In this tutorial, you will be using a slightly modified version of Andrej Karpathy's RNN code to do character-based language modeling.

Typical language modeling examples involve generating Shakespeare. It is often difficult to judge the quality of the output (unless you're a Shakespeare buff). So let's think of something else we can generate in a character-based fashion...

ASCII cats.

      /\_/\
 /\  / o o \
//\\ \~(*)~/
`  \/   ^ /
   | \|| ||
   \ '|| ||
    \)()-())

(This fine example is taken from this awesome page.)

The data

You have tiny data to play with, contained in the cat.txt file. The file basically contains the ASCII cat shown above.

Running the RNN cats

Let's first run the program. It needs various parameters, in this form:

python3 cat-char-rnn.py cat.txt --seq_length=20 --hidden_size=200 --num_epochs=100 --lr=0.01

If you run this, the RNN will try and learn how to draw the cat from the data in cat.txt, and attempt to regenerate it.

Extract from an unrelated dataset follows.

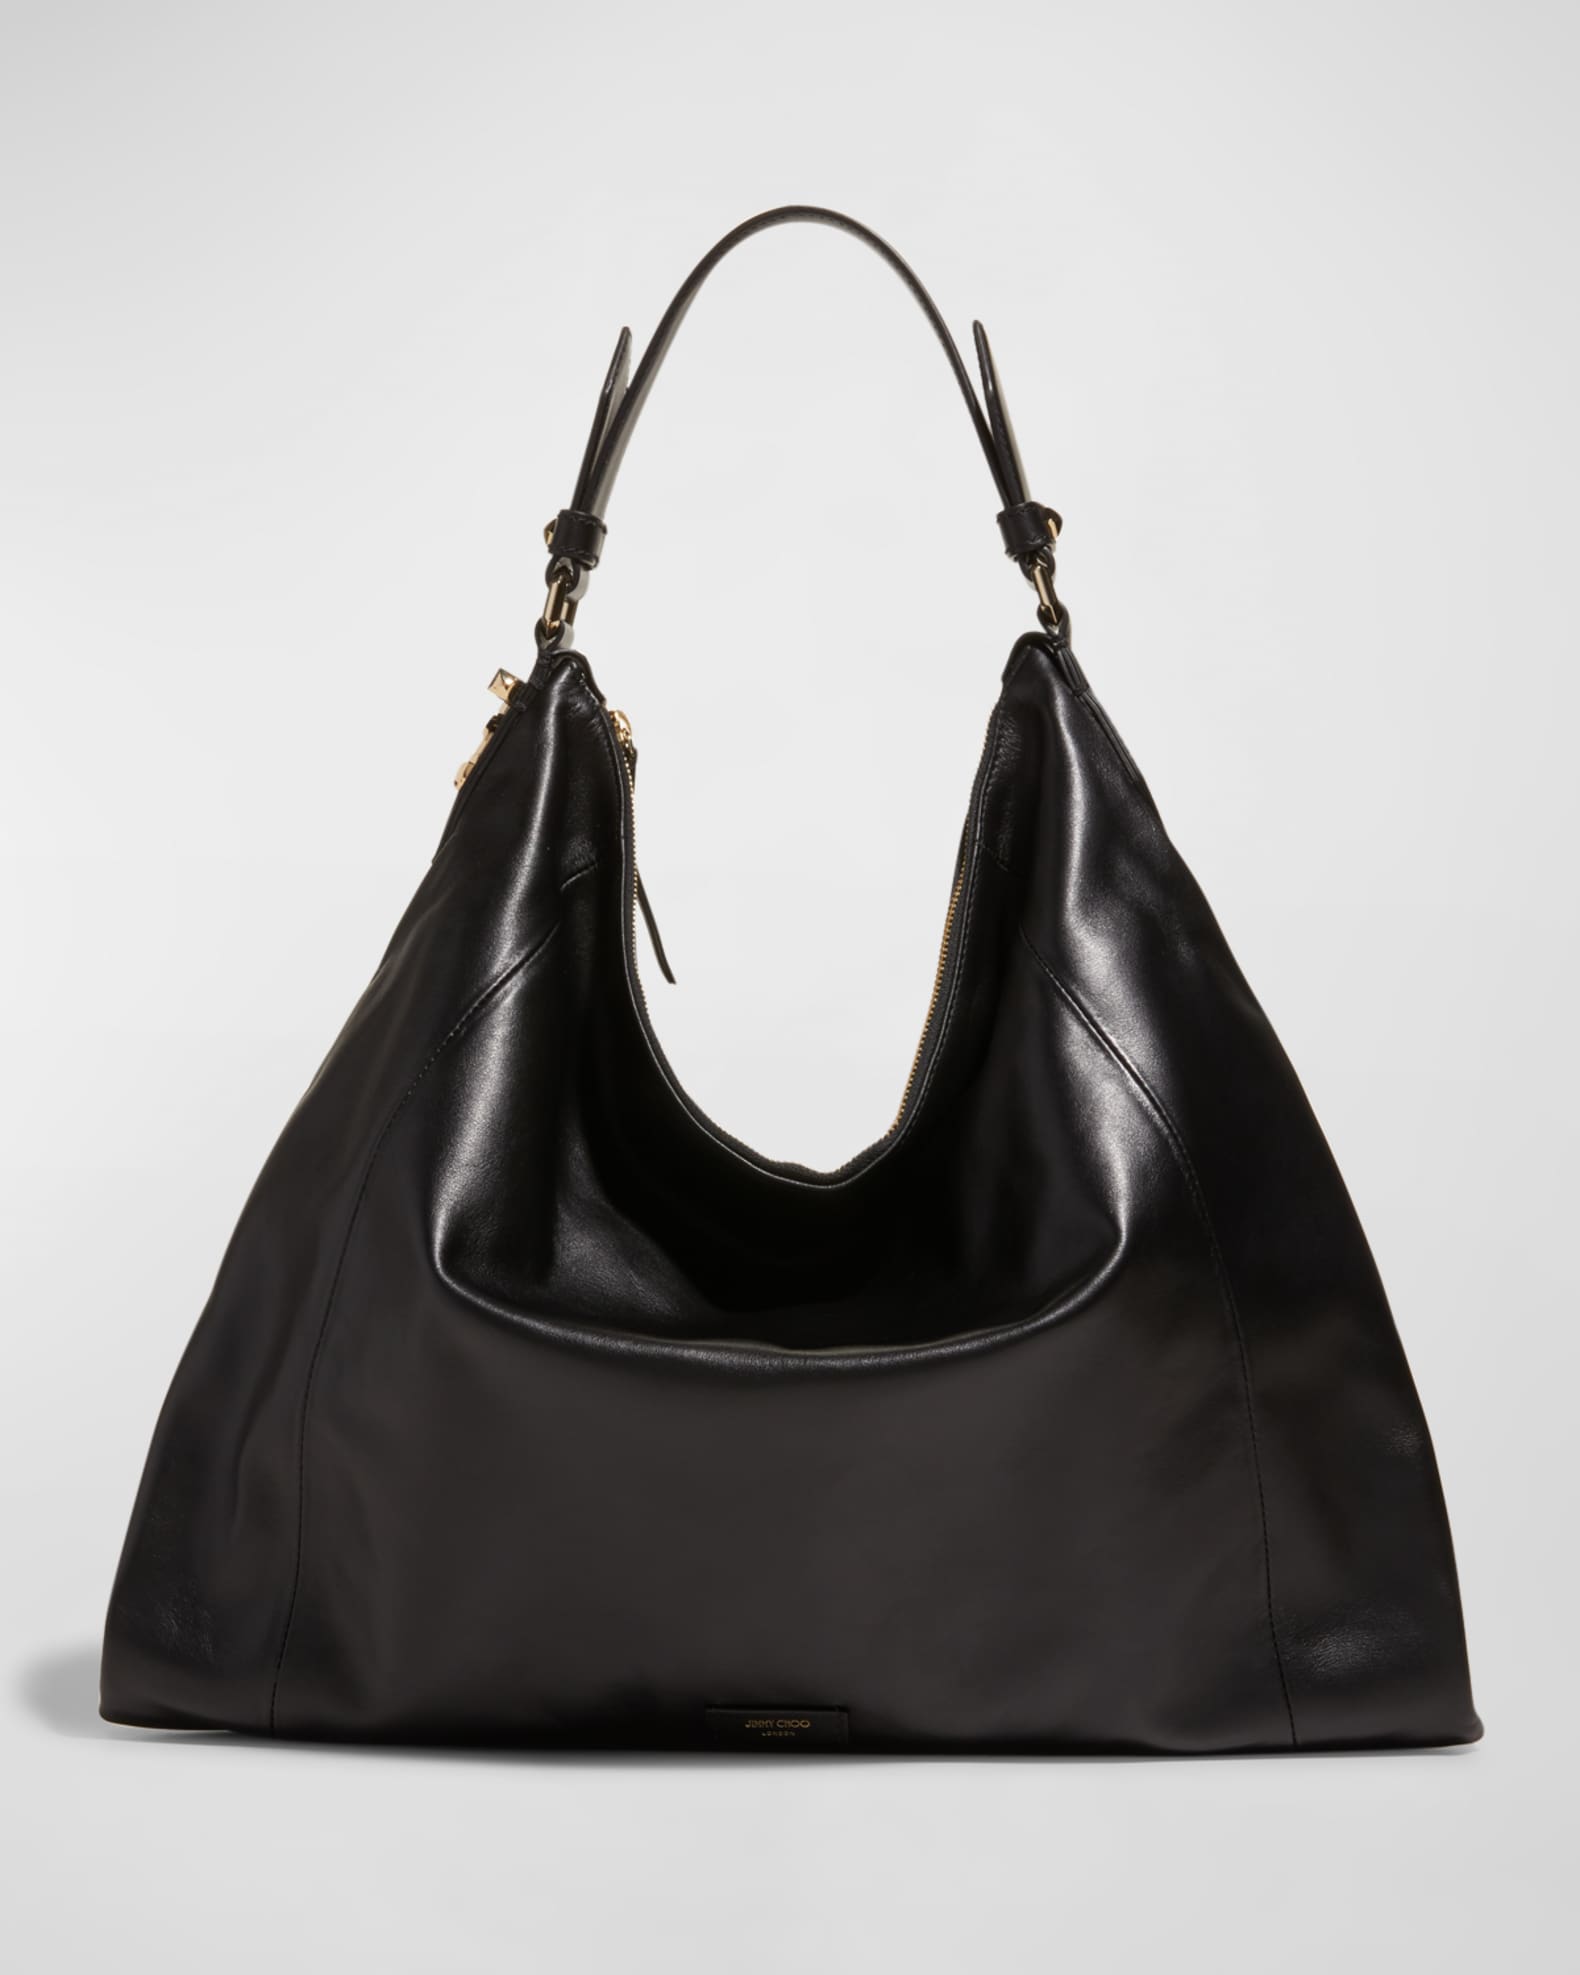 Buy JIMMY CHOO Women Black Shoulder Bag Golden Online @ Best Price

With the above parameters, here is what the output might look like:

EPOCH 90
----
   \\  /~ || /\\  ) /|\  | o \~ /\~ \
 /|    /
_ \~ /|    ' |/|~ | ^ o   |

||
 \   |  ||  \~o/\~/\
  
----
iter 360, loss: 45.598756
----

OK. This looks more like a splatter movie than a cat. Your job is to recover the cat by setting the network parameters right, and doing whatever else might be needed.

Help! My cat does not have paws!

Look at your input data again. Imagine you're the RNN, with the current hyperparameters you are using. What happens when you get to the cat's paws in the data? Can you see what you would have to do to fix the problem?

Memorising the cat

One way to reproduce the cat perfectly would be to fully memorise the drawing. This is not very interesting from the point of view of building a network that will generalise, but it is a good exercise to think about how this could be made to happen. How would you go about it? Do you have to change anything in the code itself? (Check how it samples the cat!) Is it possible?

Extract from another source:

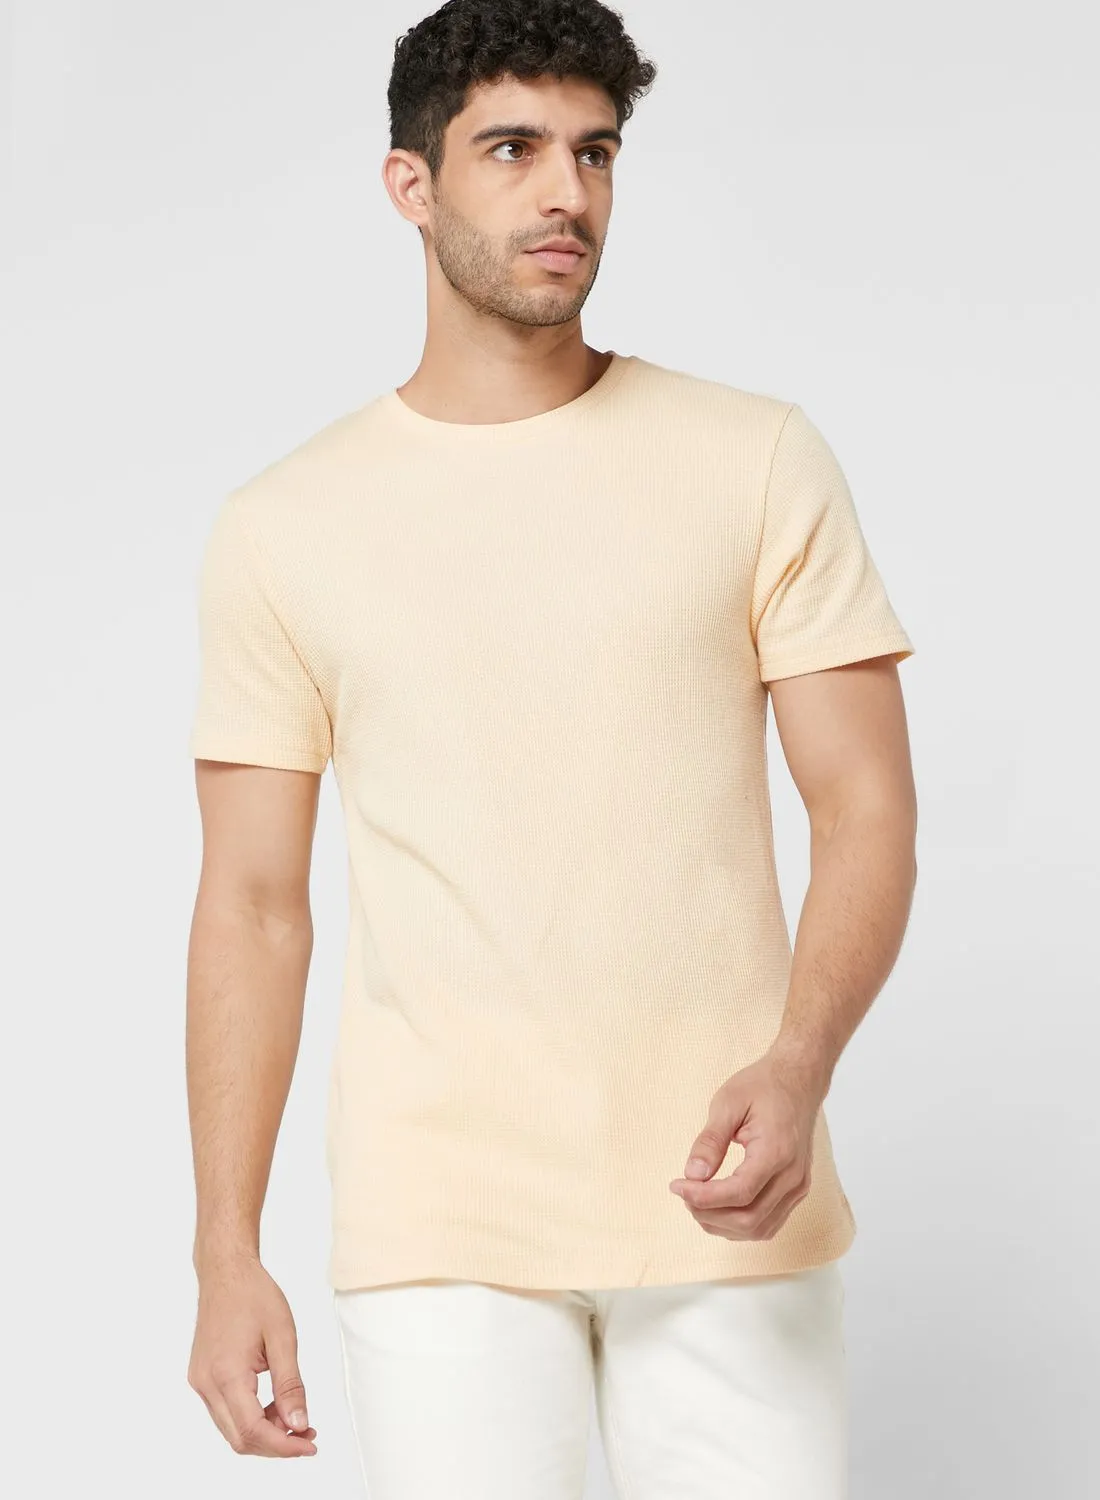 Cotton On Essential Crew Neck T-Shirt

Embrace your evil scientist side

Let's now see how well the RNN actually generalises. We'll expand our data with ascii-modified cats. For instance, three-eyed cats and whisker-less cats (creepy!):

      /\_/\
 /\  / ooo \
//\\ \~(*)~/
`  \/   ^ /
   | \|| ||
   \ '|| ||
    \)()-())

      /\_/\
 /\  / o o \
//\\ \ (*) /
`  \/   ^ /
   | \|| ||
   \ '|| ||
    \)()-())

How is sampling impacted? Can you experiment further with different types of cats? (Be creative!) What happens with different sequence lengths? When do things break?

Optimizing

Work out a strategy to optimize your cat RNN. What evaluation function should you use? How will you integrate it into your code? What can you do about the randomness of the system?

As always, try to think of a solution that could be implemented automatically. If you are confident, implement it!

Expand your zoo

The ASCII art page has lots more animals on offer. Go and pick some, and see which ones your RNN will be able to model and which not. Can you explain its behaviour?